E para que o fizessem tiveram que realizar as obras em apreço nestes autos, nomeadamente o aumento em uma folha do seu portão e a feitura da rampa em cimento, atentas as dimensões exíguas da entrada do seu prédio, bem como o desnível entre o aludido caminho e a mesma – foi o que se constatou no local.
Com efeito, diz-se naquela sentença que a servidão era usada, há mais de 23 anos, para passagem, além de a pé e de mota, também de carro, e de forma regular pelos RR. e familiares de carro há cerca de 9 anos, sendo certo que a acção deu entrada no ano 2000 (atento o número do processo).
Neste jaez, é mais verosímil a tese apresentada pelos RR. no sentido de que as aludidas obras foram executadas aquando da construção da garagem, com vista à compra do veiculo que ocorreu posteriormente.
Acresce que as testemunhas dos AA., foram genéricas nos seus depoimentos, quanto às datas, da feitura das obras pelos RR., umas referindo que foram no ano 2000, outras em datas diferentes».
Ora, não se afigura procedente a afirmação de que as testemunhas indicadas pelos autores prestaram todas elas um «…depoimento parcial e inverosímil por si e entre si e quando conjugado com a demais prova produzida…».
Esta afirmação não vem justificada e após a audição dos depoimentos não se detectaram indícios claros de parcialidade (que existirá quando se omitem factos verdadeiros que favorecem a parte contrária) e muito menos de inverosimilhança.

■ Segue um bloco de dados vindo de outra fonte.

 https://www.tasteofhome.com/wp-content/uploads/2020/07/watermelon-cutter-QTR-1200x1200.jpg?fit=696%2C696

Aliás, em matéria de inverosimilhança o depoimento das testemunhas indicadas pelos réus mostra-se verosímil.
Com efeito, as testemunhas não negam a existência de uma servidão e a existência de um portão no prédio dos réus e mesmo de uma rampa, o que dizem é que a abertura do portão foi alargada cerca do ano 2000 e adicionada rampa por forma a coincidir com a abertura do portão que passou a ter três folhas em vez de duas, abrindo a do meio para o prédio dos autores.
Aliás, a testemunha I… até referiu que os réus fizeram as obras a que se refere a acção após o neto dos réus ter tirado a carta e comprado um automóvel, o que implicou a feitura das obras para caber no prédio dos réus este automóvel juntamente com um outro veículo que pertencia aos réus.

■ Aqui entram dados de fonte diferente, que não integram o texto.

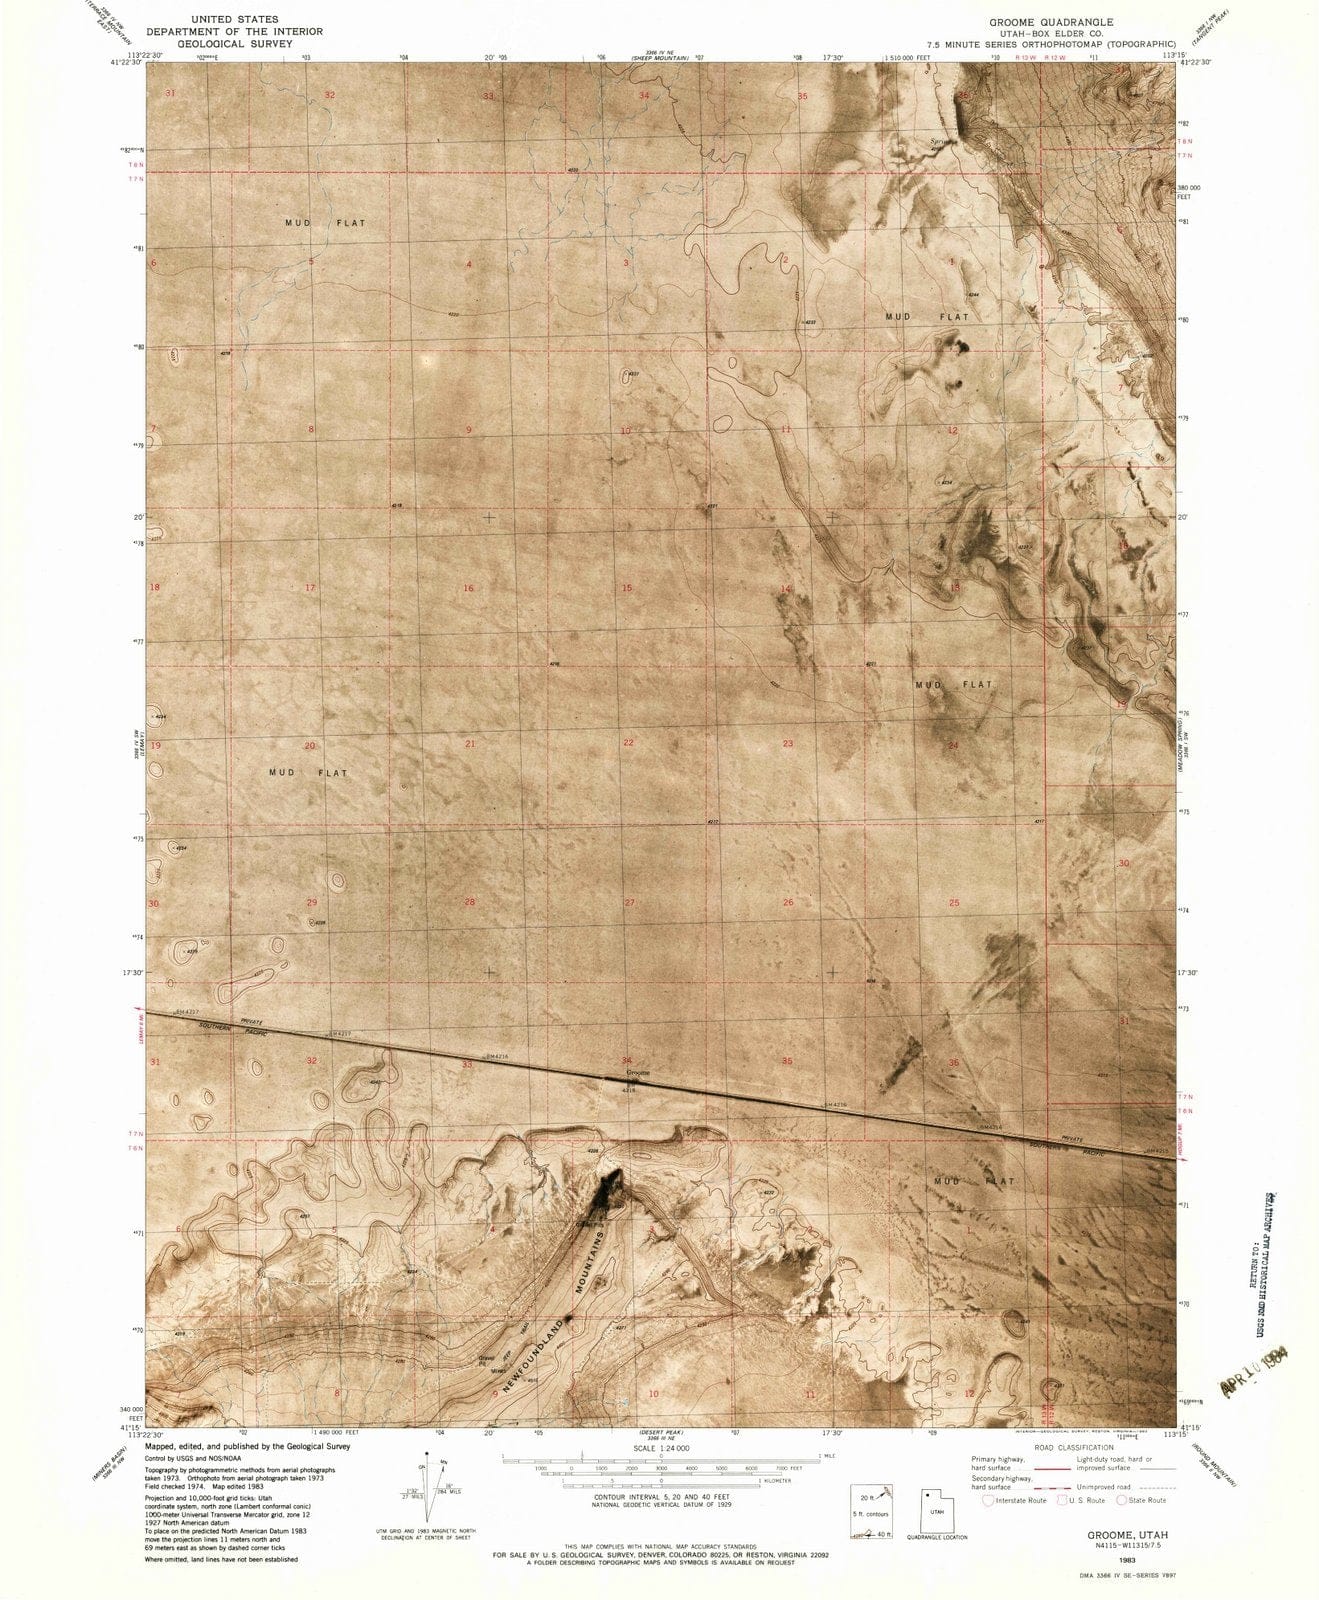 1983 Groome, UT - Utah - USGS Topographic Map

Por outro lado, as testemunhas dos autores situam as obras pelo ano 2000 referindo-as em relação a outros factos, como a idade de crianças.
Diz-se na fundamentação que «…da conjugação da prova produzida, conclui-se que, os réus já utilizam o caminho de servidão há mais de 20 anos, incluindo com carro, como foi dado como provado na sentença aludida nos factos provados.
E para que o fizessem tiveram que realizar as obras em apreço nestes autos, nomeadamente o aumento em uma folha do seu portão e a feitura da rampa em cimento, atentas as dimensões exíguas da entrada do seu prédio, bem como o desnível entre o aludido caminho e a mesma – foi o que se constatou no local».
Vejamos.
Os autores não negam que a servidão já existia quando os réus compraram a casa, tendo a testemunha G… referido, inclusive, que os réus pediram aos autores para estes alargarem o portão de entrada a partir da via pública porque era demasiado estreito para permitir a entrada de carros (minuto 07:06), o que os autores fizeram, pois na altura todos se davam bem, não sendo possível alargá-lo mais (minuto 07:35).
Os autores não questionam, pois, que a passagem existe desde que os réus compraram a casa, o que dizem é que forma feitas obras ilícitas, pelo ano 2000.
Por conseguinte, a afirmação feita na sentença de que «…é mais verosímil a tese apresentada pelos RR. no sentido de que as aludidas obras foram executadas aquando da construção da garagem, com vista à compra do veiculo que ocorreu posteriormente», não é segura, pois não explica a necessidade de alargamento da abertura do portão devido à compra de um segundo veículo que passou a ser recolhido no prédio dos réus.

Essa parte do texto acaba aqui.